## [YOUR TASK]
Return each line exactly as written. Begin with the first line of the entries and end with the line that has "Silver Waterproof Tumblr Large Shoulder Bag".

——————————

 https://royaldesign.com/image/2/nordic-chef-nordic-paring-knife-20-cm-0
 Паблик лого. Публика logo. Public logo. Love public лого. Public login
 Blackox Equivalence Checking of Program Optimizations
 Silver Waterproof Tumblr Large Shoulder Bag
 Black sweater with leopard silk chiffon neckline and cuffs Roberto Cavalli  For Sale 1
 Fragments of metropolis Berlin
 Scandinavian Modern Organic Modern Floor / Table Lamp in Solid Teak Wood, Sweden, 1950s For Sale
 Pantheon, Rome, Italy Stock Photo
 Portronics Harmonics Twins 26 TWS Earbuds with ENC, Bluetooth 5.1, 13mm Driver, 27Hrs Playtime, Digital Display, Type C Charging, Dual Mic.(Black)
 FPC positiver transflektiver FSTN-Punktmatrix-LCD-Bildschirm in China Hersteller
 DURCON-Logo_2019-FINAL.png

——————————

## [WRITTEN SOLUTION]
 https://royaldesign.com/image/2/nordic-chef-nordic-paring-knife-20-cm-0
 Паблик лого. Публика logo. Public logo. Love public лого. Public login
 Blackox Equivalence Checking of Program Optimizations
 Silver Waterproof Tumblr Large Shoulder Bag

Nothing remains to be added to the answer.